2. Config is copied over. Config like ~/.gitconfig and ~/.ssh/known_hosts are copied over to their respective locations in the container.
   This then allows you to use your Git repo like you do normally, without re-authenticating.
3. Filesystem mounts. VSCode automatically takes care of mounting: 1) The folder you are running the Devcontainer from and 2) your VSCode workspace folder.

Opening your repo directly in a Devcontainer

Since all instructions on how to configure your dev environment are now defined in a Dockerfile, users can open up your Devcontainer with just one button:

Ain’t that cool? You can add a button to your repo like so:

[
    ![Open in Remote - Containers](
        https://xebia.com/wp-content/uploads/2023/11/v1.svg    )
](
    https://vscode.dev/redirect?url=vscode://ms-vscode-remote.remote-containers/cloneInVolume?url=https://github.com/godatadriven/python-devcontainer-template
)

Just modify the GitHub URL ✓.

That said, we can see having built a Devcontainer can make our README massively more readable. What kind of README would you rather like?

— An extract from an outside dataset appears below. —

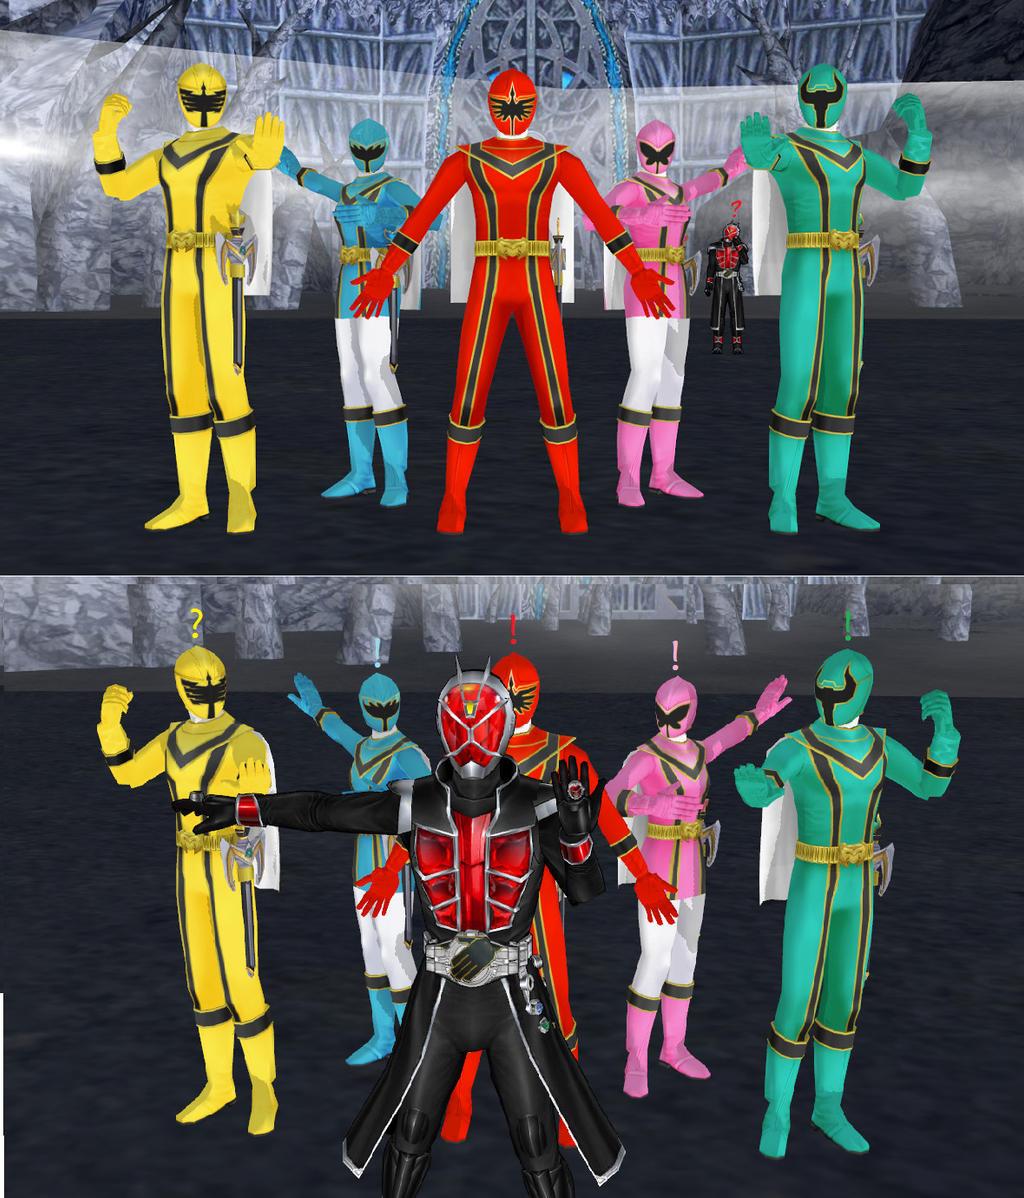 Mahou Sentai Wizardranger! by MIST-TO-GUN

Manual installation	Using a Devcontainer

Extending the Devcontainer

We have built a working Devcontainer, which is great! But a couple of things are still missing. We still want to:

• Install a non-root user for extra safety and good-practice
• Pass in custom VSCode settings and install extensions by default
• Be able to access Spark UI (port 4040)
• Run Continuous Integration (CI) in the Devcontainer

Let’s see how.

Installing a non-root user

If you pip install a new package, you will see the following message:

Indeed, it is not recommended to develop as a root user. It is considered a good practice to create a different user with fewer rights to run in production. So let’s go ahead and create a user for this scenario.

# Add non-root user
ARG USERNAME=nonroot
RUN groupadd --gid 1000 $USERNAME && 
    useradd --uid 1000 --gid 1000 -m $USERNAME
## Make sure to reflect new user in PATH
ENV PATH="/home/${USERNAME}/.local/bin:${PATH}"
USER $USERNAME

Add the following property to devcontainer.json:

    "remoteUser": "nonroot"

That’s great! When we now start the container we should connect as the user nonroot.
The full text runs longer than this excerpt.